As Bobby’s group reached the sidewalk, the traffic cop yelled, “You can’t go in there!”
“Stand down, Becker!” McClary called. “They’re with me.”
McClary lowered his voice and said to Bobby, “It’s worse than we thought. It’s a bloodbath in there. Details are sketchy. Radio reception keeps dropping out. But that—The oni—he’s not alone.”
“Right,” Dean said. “Dad’s got Mike, Robbie and Chip with him now.”
“What am I missing?” McClary asked, confused.
“The oni came back to claim his three sons,” Sam said. “Half-breeds.”
They hurried into the lobby. The two K-9 officers waited with the dogs, one at either door. Six other officers split up with them, three to a side, guns drawn, looking nervous. One fresh-faced cop gripped a shotgun, which caught McClary’s eye.
“Winemiller, you can’t fire a shotgun in there!”
“Right, sir,” the junior patrol officer said, and turned toward the outer door.
“Winemiller! Go round back. Tell Louden we go in sixty seconds.”
“Wait.” Bobby held a sprig of holly out to the juni
or officer. “Put this in your pocket.
“That’s an order,” he added, when Winemiller gave him a disbelieving look.
McClary nodded his confirmation, then turned to Bobby as Winemiller jogged away. “I’m supposed to be on desk duty, but I can’t sit this one out, no matter what the chief says.”
“Where is the chief?” Bobby asked.
“Calling in a SWAT team from the FBI’s Philly field office and pressing the mayor to have the governor call in the National Guard,” McClary said. “I expect he’ll be here soon.
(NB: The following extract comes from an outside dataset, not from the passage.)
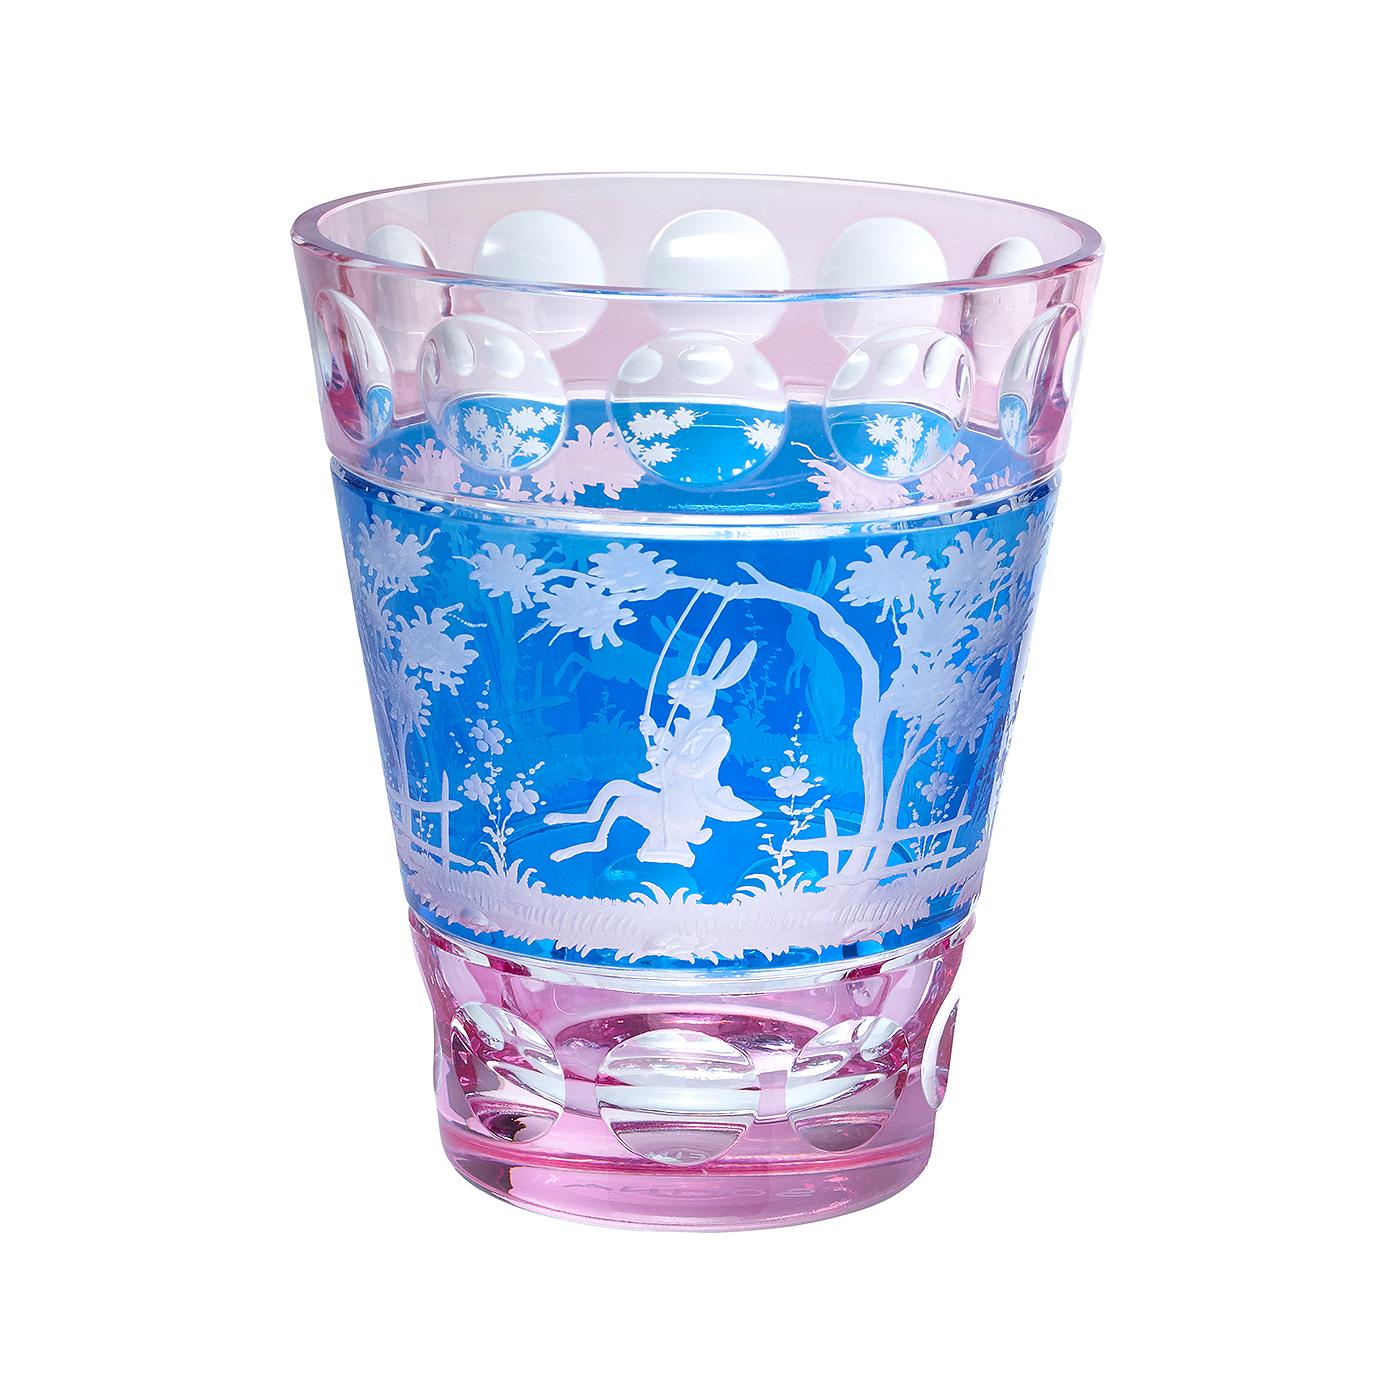 Vase aus mundgeblasenem Kristall in rosa und blauem Glas mit einer Szene aus dem Orient. Das Dekor ist ein Osterdekor mit 2 freihändig gravierten Hasen im naturalistischen Stil. Vollständig mundgeblasen und handgraviert in Bayern/Deutschland. Das

We’re calling everyone. All hands on deck.” He handed Bobby a gun. “Loaded with armor-piercing rounds. So’s mine, but I’ll only risk point blank range with my left hand. These will go through soft targets, so watch your aim. Ricochets are a bitch.”
Bobby nodded and then reached into the bag for the holly. “Have your men carry these. Could stop the bad luck hoodoo. Maybe improve radio reception.”
“Got any rabbit’s feet in there? Four leaf clovers? Horseshoes?”
“Can’t hurt,” Dean said. “We’re packing.”
“If nothing else,” Sam added, “it might give us time to find a weakness.”
“Maybe the weakness,” McClary suggested, “is his three sons.”
As the sergeant quickly passed out the holly, brooking no complaints, Dean looked at Sam, who nodded and said, “He’s got a point.”
“Roy, you’re with me,” Dean said, moving to the right door. “Agent Willis, go with S—Tom.”
The Winchesters had discussed their deployment in the car. Bobby continued to walk with a limp, grimacing with each step. Roy had one arm and had retired from hunting with good reason. Both men were too stubborn to sit out the battle, but too much of a liability to each other to team up.
McClary checked his watch. “Go!”
The K-9 units went through the doors first, followed by the other officers and McClary, with the Winchesters, Bobby and Roy bringing up the rear.
* * *
Sumiko had stayed hidden below the window of her mother’s Odyssey when the police cars arrived and blocked the intersection. She kept hoping and praying that Ryan would come out of the theater unharmed. But nobody who went inside the theater came out and she feared a robbery had turned into a hostage situation. She heard occasional gunshots and screaming when the outer doors opened and tried not to let her imagination run wild.